The top portion is more on the ML/AI side where you're trying to learn from this data.
That was about 60% of the hard work, taking an event, processing it, cleaning it, and getting it into a store that you can actually query on.
It gets pretty easy from here.
The next step is to actually get data out of it. This is a sample payload.
It looks pretty complicated but it's actually pretty simple. It's actually very flexible also.
One of the things that we need to keep in mind is, each category of app has a different churn ratio. For example, for games, the moment they launch they have very high virality and then they exponentially decay.
Productivity apps don't have that huge uptake, they're pretty flat and the decay is also flat. Things like news apps have a very, very, very slow growth curve. But once it reaches a significant volume, it could explode, there are network effects.
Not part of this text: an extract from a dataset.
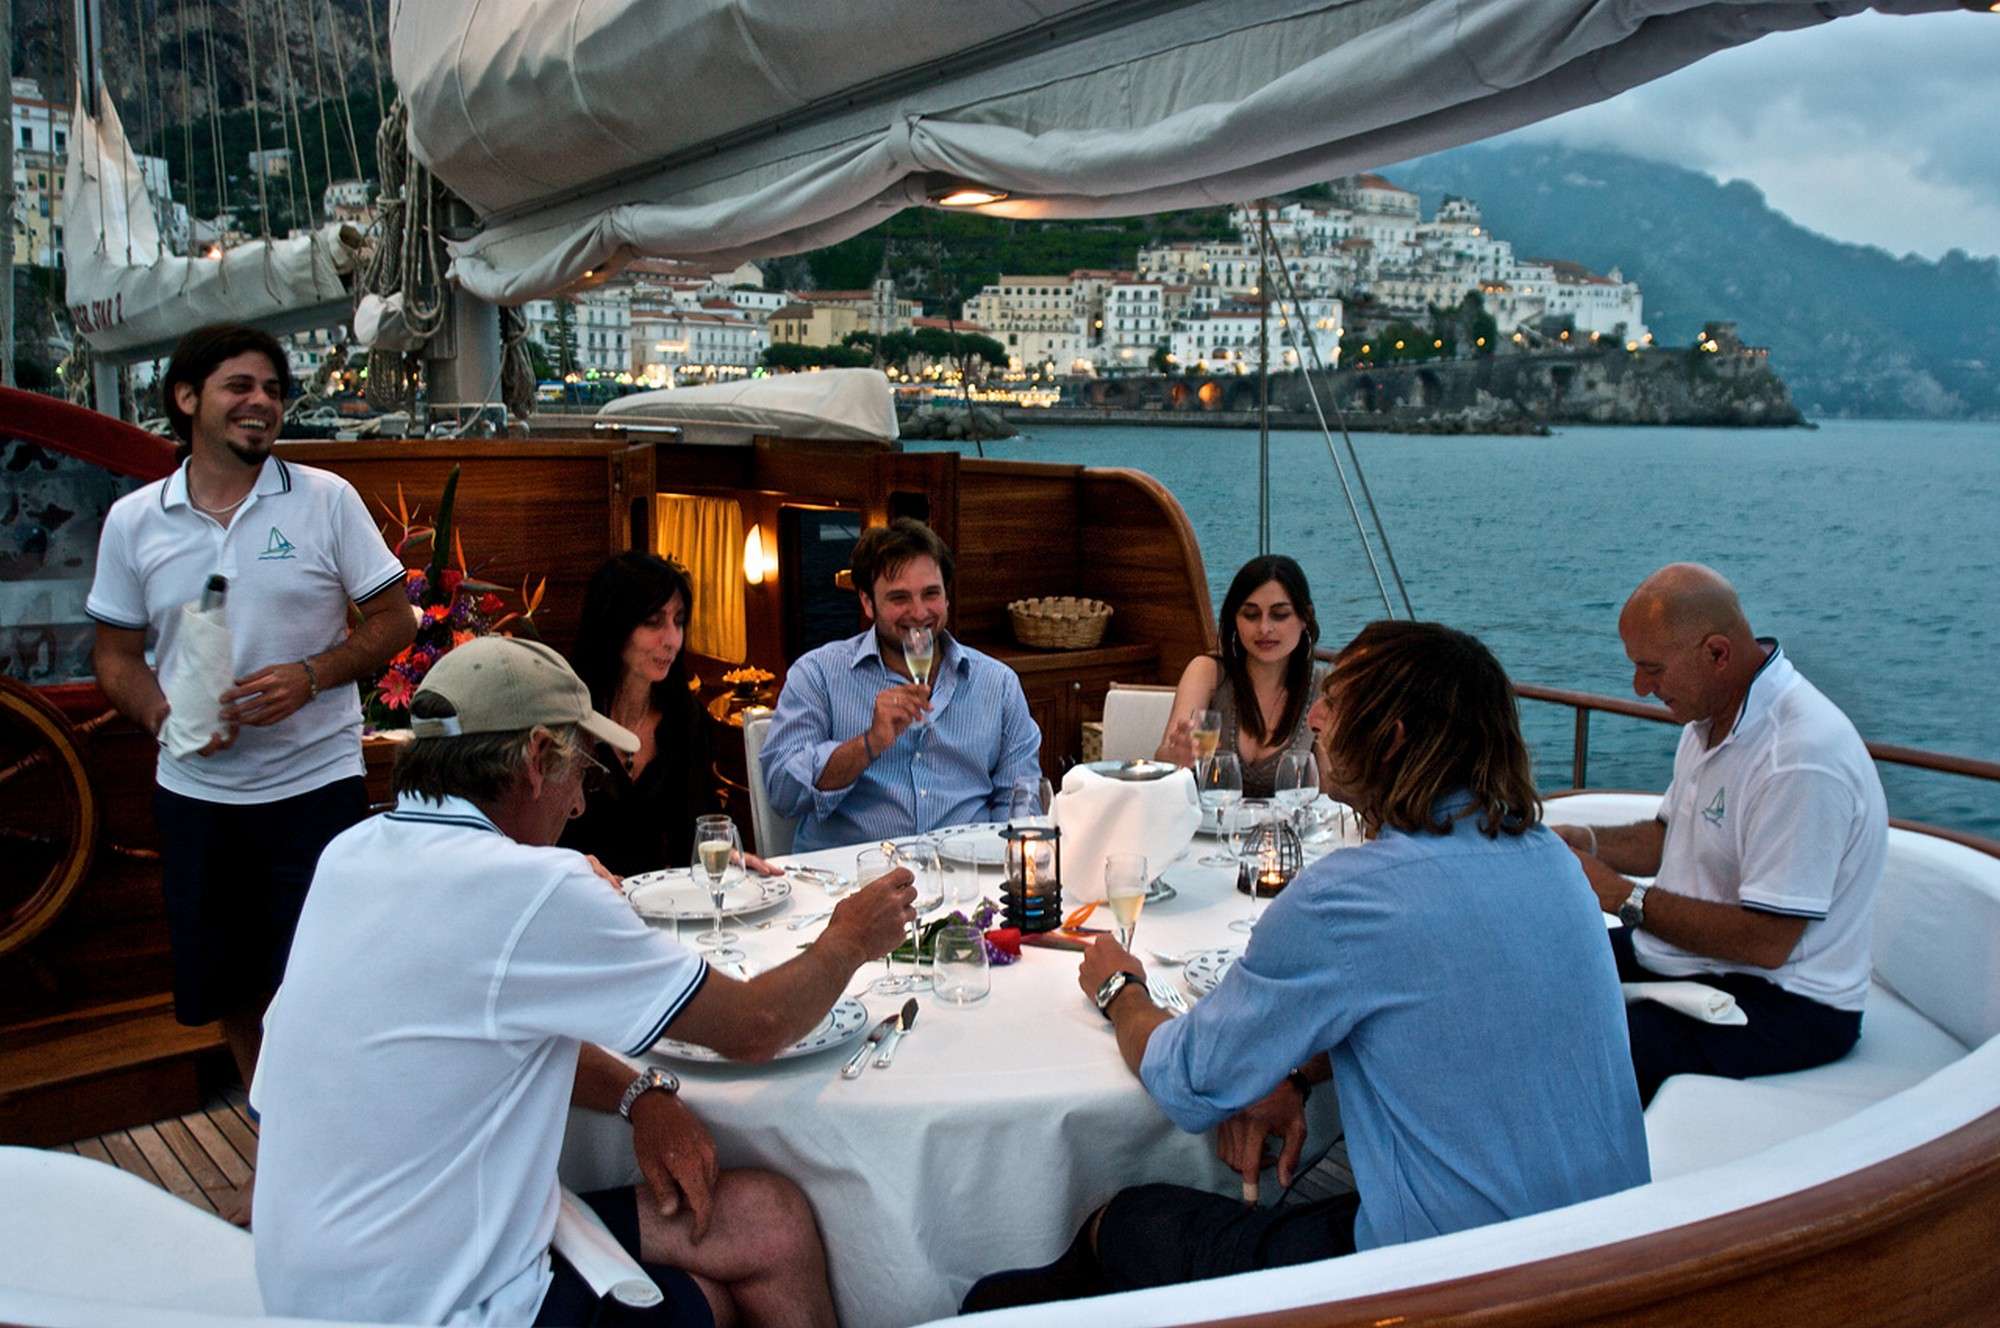 SILVER STAR 2 - Luxury yacht charter France & Boat hire in Fr. Riviera & Tyrrhenian Sea 3

Using Druid, we can get out the exact data we need and then we can tune these models based on the category of the app.
Yahoo - EGADS
This brings me to the next system, which lets us do this actual time series forecasting and it's called EGADS. There has been absolutely zero creativity in trying to name this.
It's an extensible generic anomaly detection system. It's a standalone platform that can be deployed.
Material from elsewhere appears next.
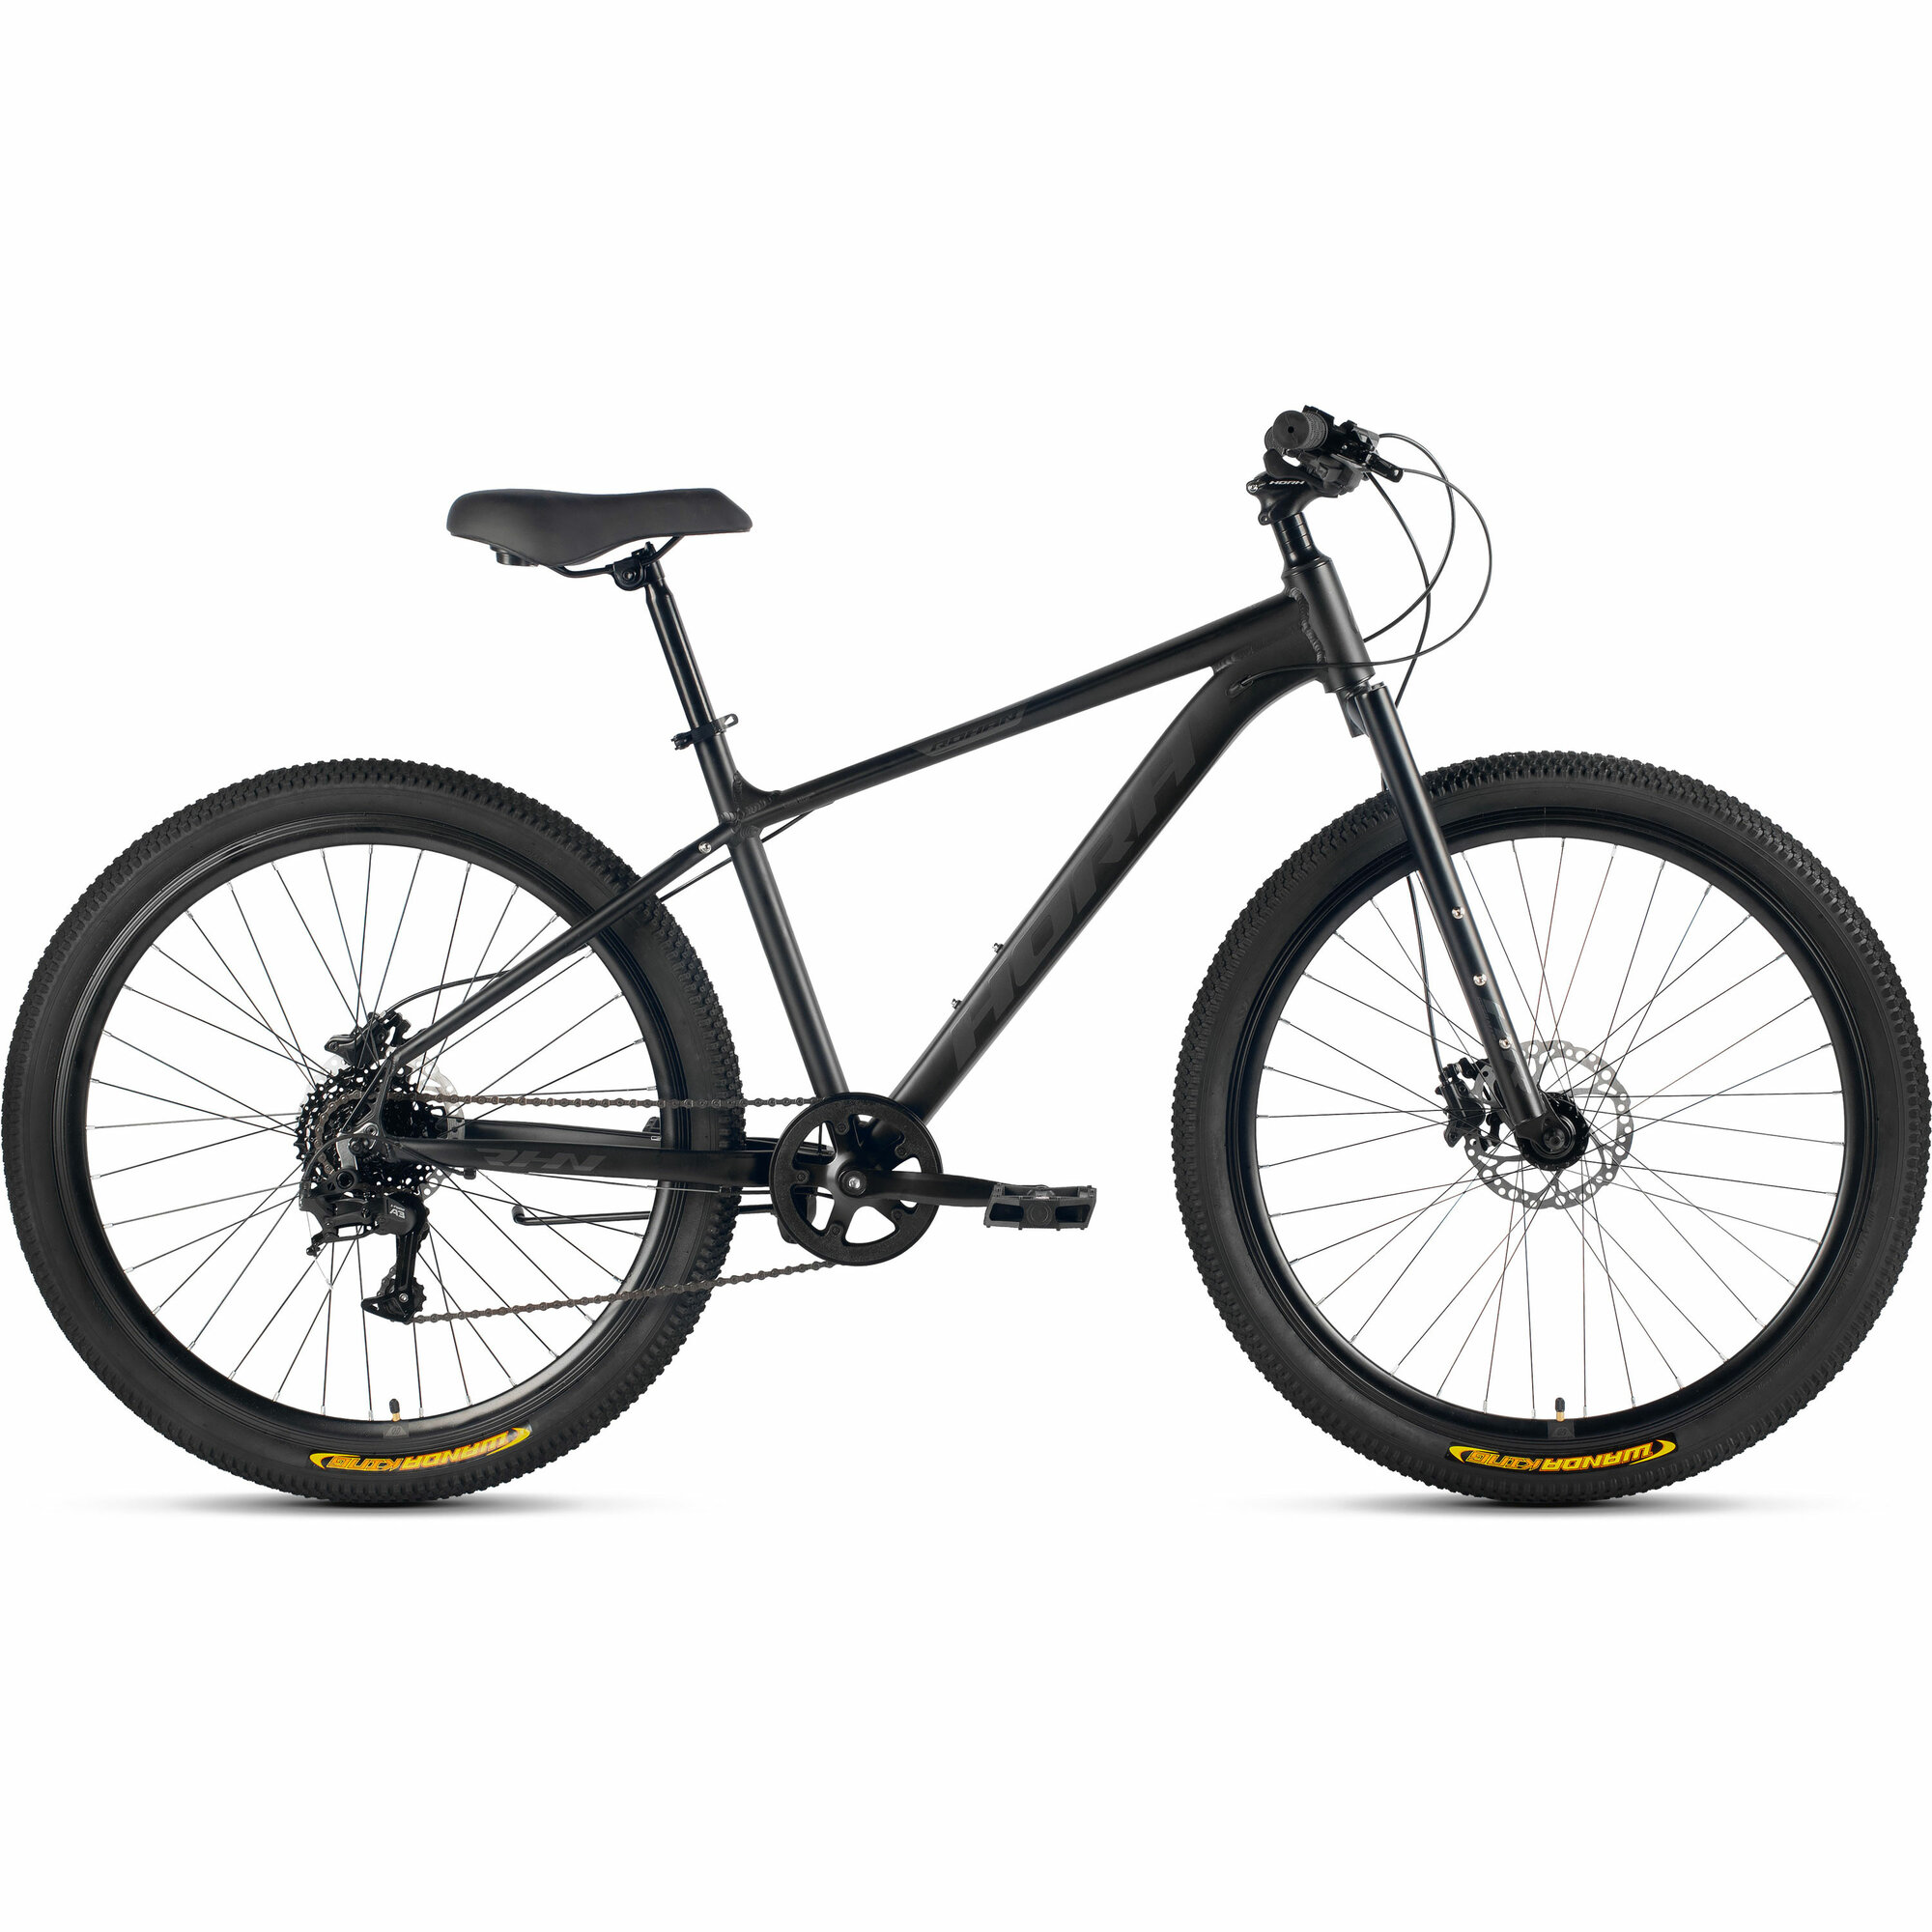 Велосипед горный HORH ROHAN RHD 7.1R 27.5" (2024), ригид, взрослый, мужской, алюминиевая рама, 8 скоростей, дисковые гидравлические тормоза, цвет Black-Grey, черный/серый цвет, размер рамы 17", для роста 170-180 см

It supports a bunch of time series models, you can choose whatever works for you, depending on your use case. Also, it has anomaly detection modules.
What would a typical workflow look like?
What you would do is somehow get all of this raw data into a data store, you would periodically query that data, get the data out, feed it into your EGADS system, train the model continuously.
You would enable certain parameters, like auto-tuning, let it tune itself, let it figure out the right model.
When it's ready, in real-time, you can actually query the system and get the data out. But all of this is pretty cumbersome, you need to do so many things to make this work.
We have another system called Yahoo Sherlock (I promise the last one).
This one's going to tie everything together, everything will make sense after this.
Sherlock is a system on Druid and EGADS, it abstracts out all the complexity that you see in running these large-scale forecasting pipelines.
It has automated monitoring, it's very scalable. The other thing is it has a lot of seasonality information in it.
One of the biggest problems with time series is, what sort of window do you use? You can have a trend that goes up and then down. If you focus only on the region which is going up, and you have a very small window, you'll only see the data going up, you will never find it going down.
One of the biggest challenges always is to figure out the window that you need to process this data on. Alerting on anomalies - this is tying everything together.
You start a job that trains this data so you query Druid, you get a response back, you give it your time series parser, the time series gives it to the next system, which actually does the anomaly reduction and training of the model.
All the anomalies are actually reported, you can have emails sent out, you can have alerts fired, this data also gets stored in HDFS or any deep storage.
Then you can keep learning continuously from that.
We built all of this and the reason why we want to do that is to extrapolate this graph.
One example is the revenue graph, if you can extrapolate that graph and actually tell users in real-time that the revenue is actually going to fall, they can go ahead and proactively take an action on that.
Another thing I talked about was the age and gender estimates. That's more of a batch use case but all of that adds value to our customers.